Kee et al. (2008) mention three econometric considerations that require additional steps. First are the endogeneity and measurement errors in prices. The second is selection bias due to zero imports, and the third is the partial adjustment of imports. In this study, the first is addressed using an instrumental variables estimator. The second consideration is not relevant to the present study because only 59 specific COVID-19 products and 15 countries are focused on, and there are no zero import values (apart from missing observations) in the sample over the 2002 to 2019 period. The third consideration was addressed using a system GMM estimator and robust standard errors.

Instrumental variables estimation was performed using the instruments suggested in Kee et al. (2008): the simple and inverse-distance-weighted averages of the unit values of the rest of the world, as well as the trade-weighted average distance of country i to all the exporting countries of good n. So, for $z_{1}$ and $z_{2}$ we used the following formulation:

\begin{matrix} z_{ni}^{t} = & \ln \frac{{\bar{p}}_{n - c}^{t}}{{\bar{p}}_{- n - c}^{t}} = \ln (\sum_{k \neq c} w_{k} p_{nk}^{t}) \\ - (\frac{\ln \sum_{k \neq c} w_{k} {\bar{p}}_{k}^{t} - (\sum_{k \neq c} w_{k} {\bar{S}}_{nk}^{t}) \ln (\sum_{k \neq c} w_{k} p_{nk}^{t})}{1 - \sum_{k \neq c} w_{k} {\bar{S}}_{nk}^{t}} \end{matrix}

(10)

w_{k} = {\begin{matrix} \frac{1}{C - 1}, & for the simple average \\ \frac{1}{distance in km' s btw country c and k}, & for the weighted average \end{matrix}

Where C refers to the total number of countries.
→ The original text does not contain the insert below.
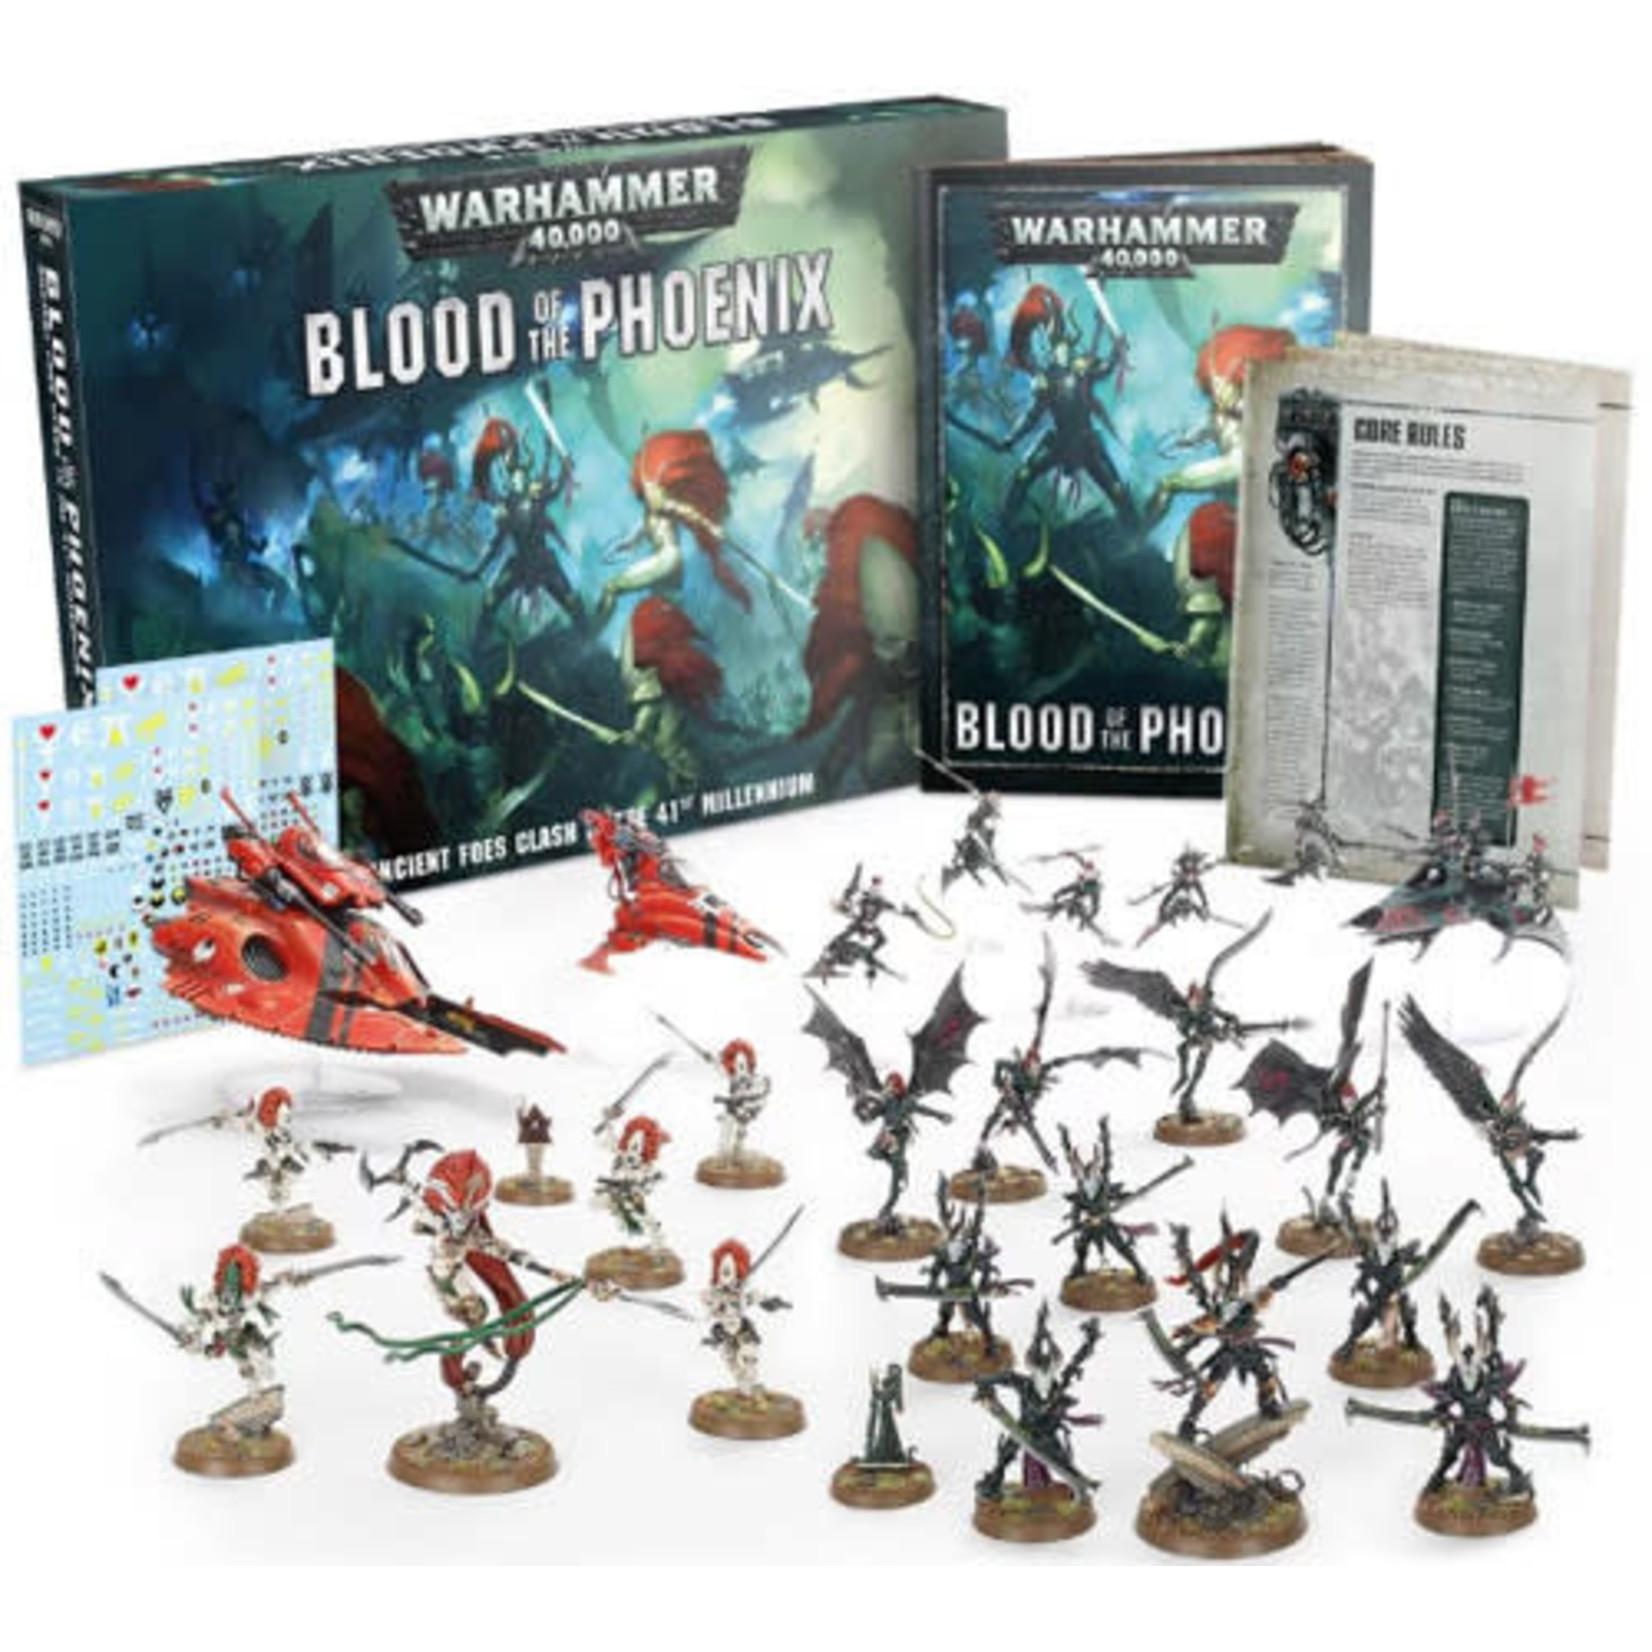 Games Workshop Warhammer 40k: Blood of the Phoenix

The third instrument, $z_{3}$ , the trade-weighted distance, is calculated as follows:

z_{nc}^{t} = \sum_{k} {w_{k}}^{t} distanc e_{kc}

(11)

Where k denotes all exporting countries, the distance between country k and c is measured in kilometers, ${w_{k}}^{t}$ is the share of k in world exports of good n in year t.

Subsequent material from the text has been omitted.